Fenton joined the faculty of CSU Dominguez Hills in 1970 as a professor of anthropology, and in 1979 was named dean of the then School of Social and Behavioral Sciences. She served in that position until 1987 when she moved to Pennsylvania to become the provost and vice president of academic affairs at Shippensburg University. After retirement in 2000, she moved to Green Valley, Arizona near Tucson.

“Joann was a great friend and colleague, and I regret that her passing may be unknown to some members of the campus community,” wrote Dema Scott (B.A., 1972; MSA, 1976), who worked in student development from 1972 to 1997.  Scott, along with Fenton’s sister Nancy, and James Harris, emeritus professor of economics from 1969 to 2000 and former dean of faculty and student affairs, were by Fenton’s bedside when she passed.
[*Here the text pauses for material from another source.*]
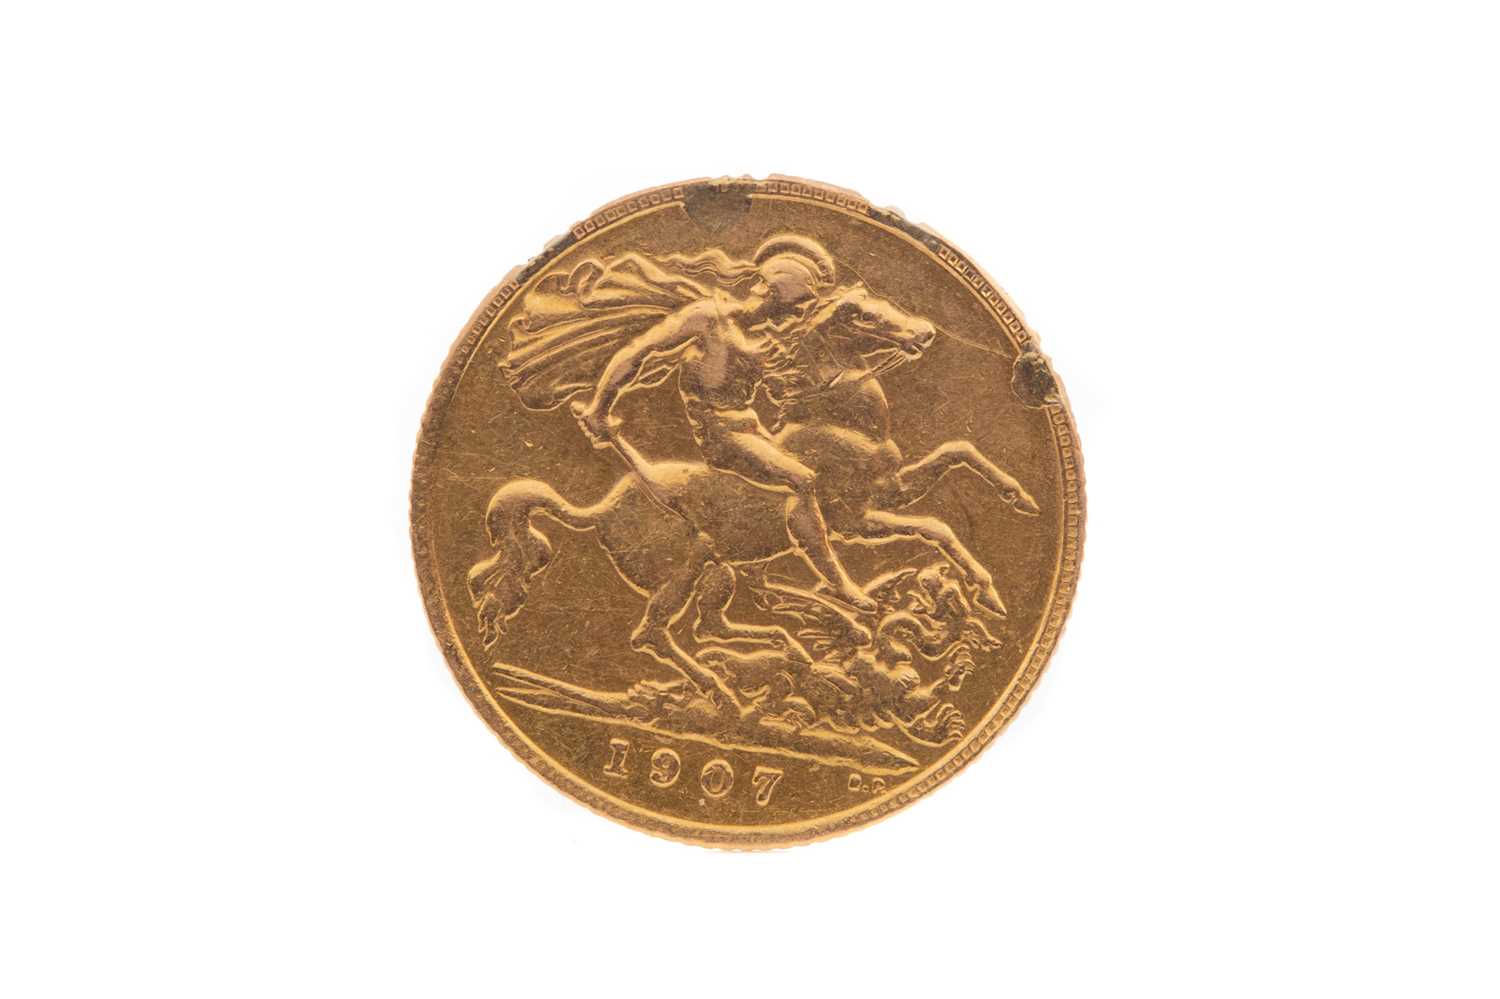 Lot 63 - A GOLD HALF SOVEREIGN DATED 1907

Born in 1937 in Pittsburgh, Penn, and raised in Tulsa Okla., Joann received her bachelor’s degree in history and her master’s and doctorate (1974) in anthropology from Northwestern University in Evanston, Ill. Scott said that it was during Fenton’s early school years in Oklahoma that Fenton first came to meet and know many Native Americans. It was those ties which became the basis of her lifelong interest in social and cultural anthropology.

Her academic work was focused primarily on the Native Americans of the Southwest. She lived and worked on the Arizona Navajo reservation for many summers, completing a two year ethnosemantic study in 1970. Scott said Fenton’s collection of Native American art including prints, woodcuts, lithographs, serigraphs, was left to The Arizona State Museum at the University of Arizona, Tucson.

Fenton maintained close ties with many of her friends and colleagues from CSU Dominguez Hills. During her final months she received cards and calls from her “DH friends” and that contact was a great comfort to her, Scott said.

She is survived by two sisters: Kay Schumacher of Rochester, MN and Nancy Fenton of Fountain Hills, AZ, and several nieces and nephews.